We compared our model with other two state-of-the-art models: Deformable Parts Model (DPM) [4] and exemplar-SVMs [5]. The performance was considered from two aspects: detection accuracy and detection time. The detection accuracy was evaluated by the average precision: when the overlap ratio (between a detected region and ground truth) is greater than 0.5 it will be defined as true, otherwise, it is false. Four detectors (the gentle Ada-Boost model with various numbers of weak learners, N = 50, 100, 150, 200) were trained for testing. Additionally, we trained a DPM model with six components based on [4] and an exemplar-SVMs model with 300 exemplars like [5]. From the experimental results in Figure 8, our detectors achieved comparable detection accuracy with the DPM and outperformed the exemplar-SVMs.

Furthermore, we tested these three kinds of detectors on the images with partially occluded aircrafts. In this case, our detector (which includes N = 200 weak learners) obtained best performance (in Table 3). Actually, the DPM and exemplar-SVMs adopted holistic templates to match objects in the image pyramid with a slide window fashion. Once the object was occluded, it would obtain a lower matching score, which causes undetected error or mismatch. However, the local informative patch is much smaller than the holistic template, which reduces the chance of mismatch for partial occlusion. An existing drawback of the local feature is a lack of spatial information; therefore, our local informative feature incorporates location information. Figure 9a illustrates some detection examples of partially-occluded aircrafts, and Figure 9b shows the detection results of the aircrafts with different parts occluded.

5.2. Caltech 101 Database

The Caltech 101 database is a popular benchmark database in computer vision.
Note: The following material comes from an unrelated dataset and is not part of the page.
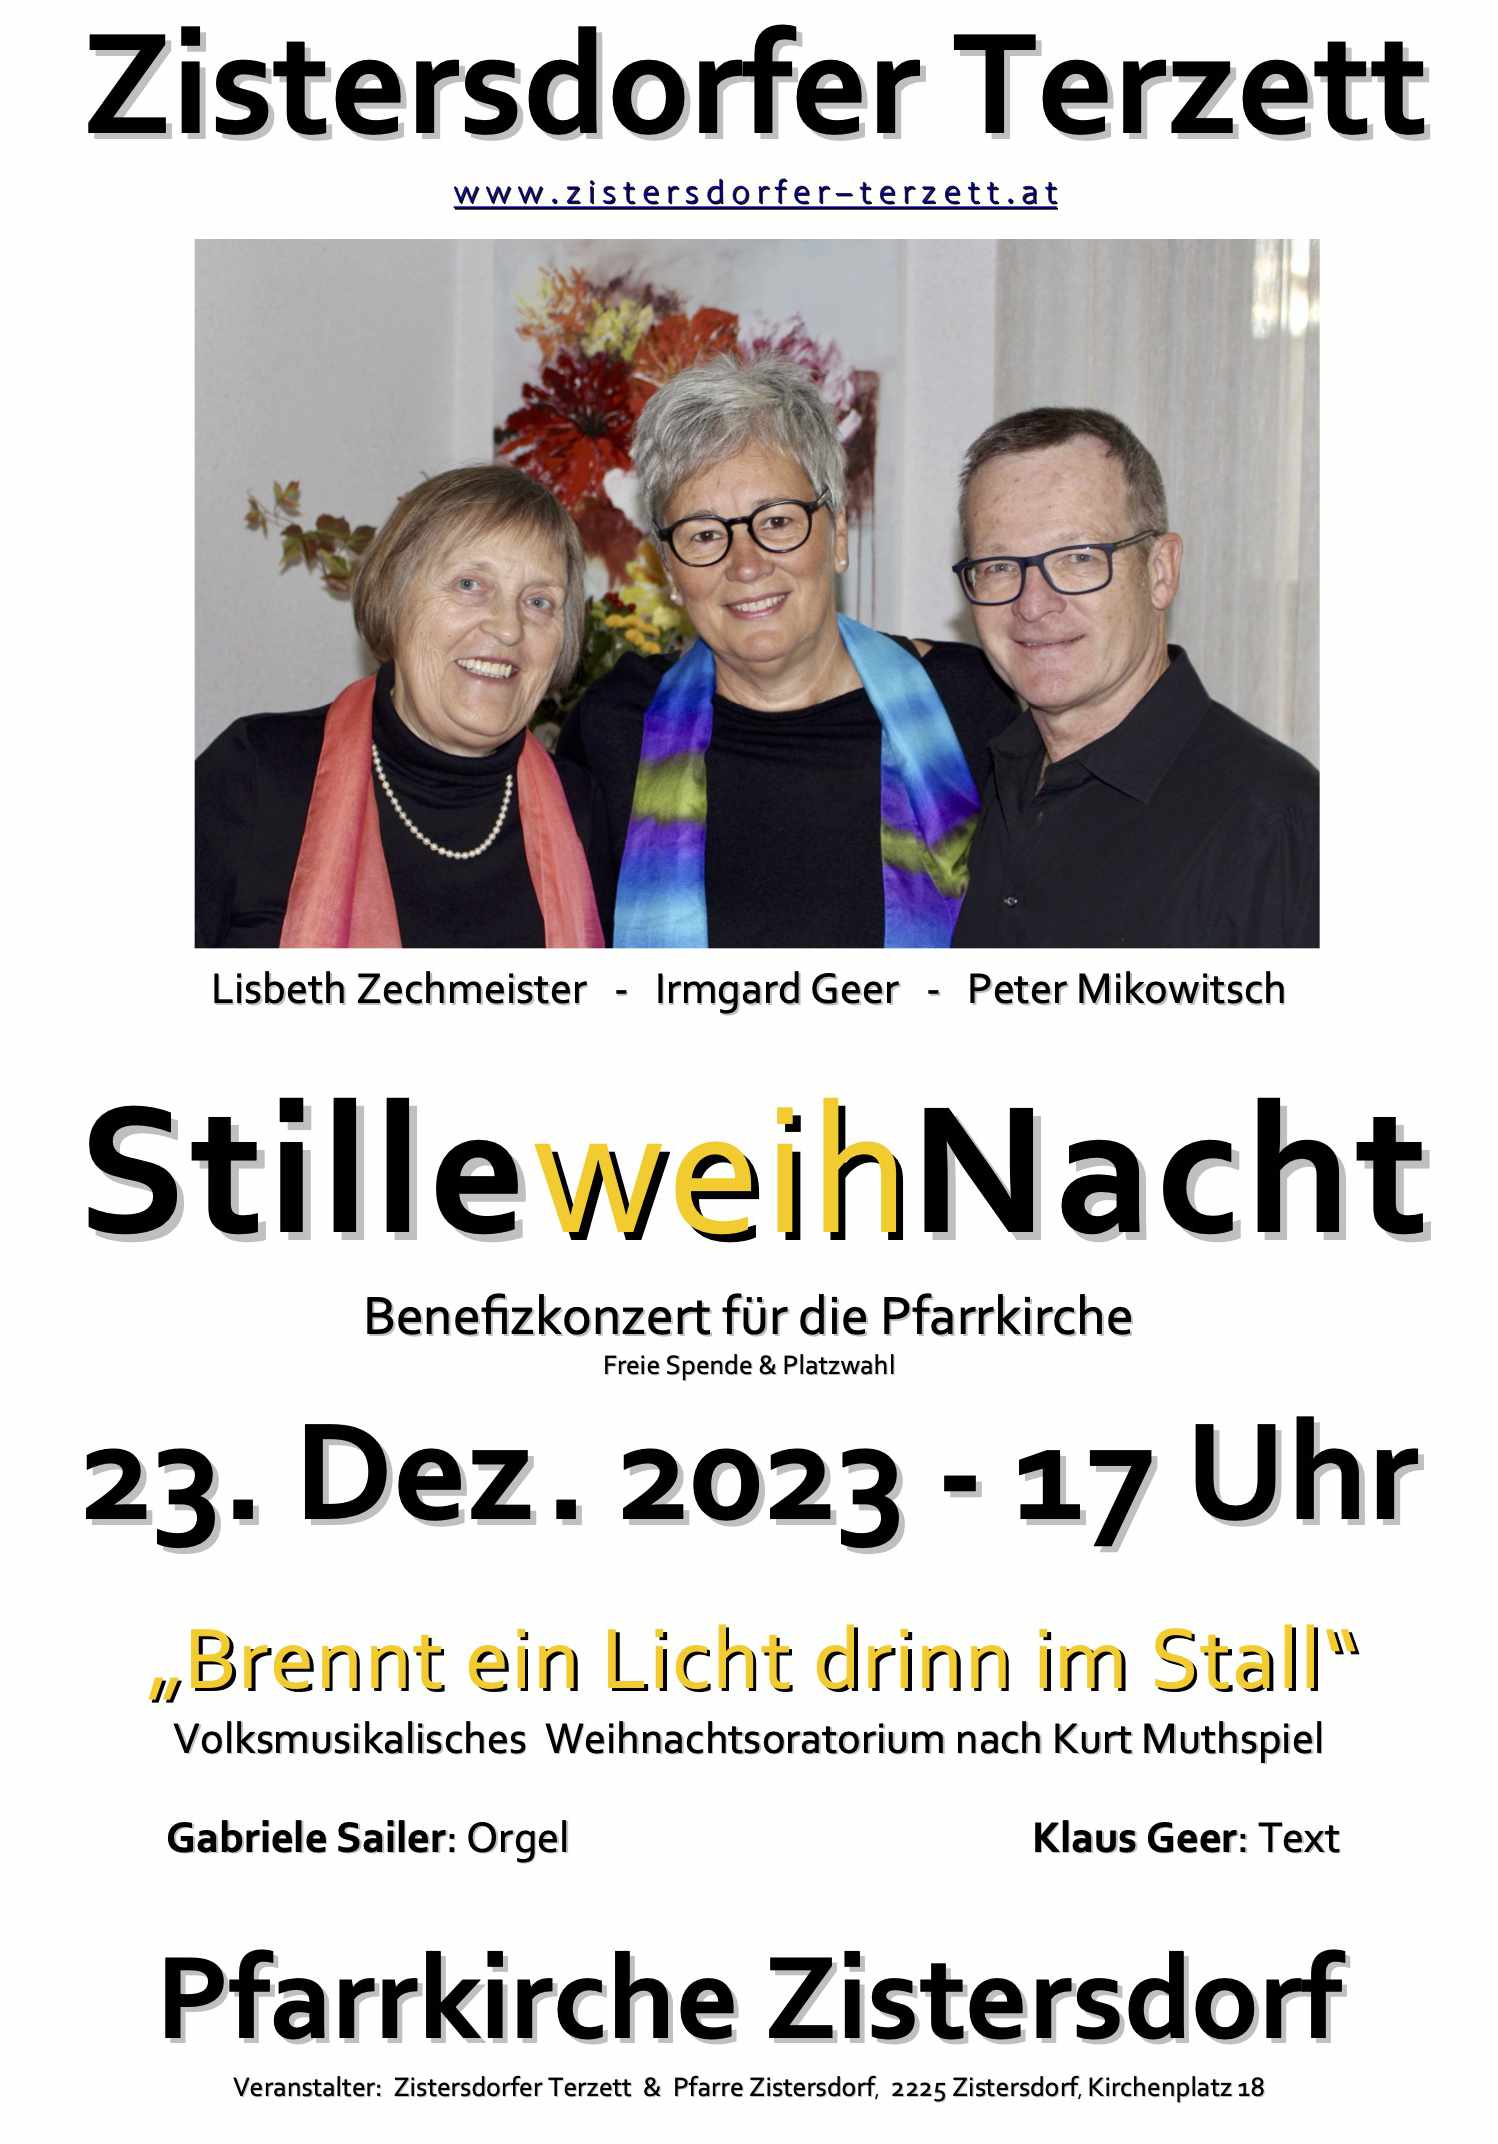 STILLEweihNACHT 2023   Plakat

This database contains from 31 to 1100 images per category. We selected about 1074 images from the sub-category of aircraft for training and testing. Most images are medium resolution with the size of 500 × 800. The methods in [4,5] were adopted for comparison. About 200 images were selected for testing. Additionally, we manually occluded the different parts of aircrafts in these images for occlusion testing. From the results showed in Table 4, the exemplar-SVMs obtained the best detection accuracy on original images. However, for the occluded images, our detector outperformed it.

Moreover, we evaluated the per image detection time of each detector. We evaluated 100 images and obtained the average time. From Table 5, for a testing image with the size of 500 × 800 pixels, the detection time of our detector is much less than the detectors based on [4,5].

5.3. Analysis of Feature Compression

5.3.1. Detection Accuracy

In order to validate the performance of the compressed features, a subset of moving aircraft database was selected for testing. We compressed the 1600 D original feature by three methods: principal components analysis (PCA), singular value decomposition (SVD), and our method.

PCA [42,43] and SVD [44] are widely used in dimensionality reduction, which map signals from a high-dimensional space to a low-dimensional space. This mapping always preserves principal information of signal; the noise and contribute-less information was discarded. For the same training set, we employed PCA and SVD, respectively. Figure 10 illustrates the information preservation percentage of each method. For the same training set, 100 D features preserved 96.4% information of PCA, and 95.2% of SVD. We constructed a sparse matrix of size 100 × 1600 by the method in Section 3.4. Detectors were trained by three kinds of compressed features and uncompressed features, and the detection results are shown in Figure 11.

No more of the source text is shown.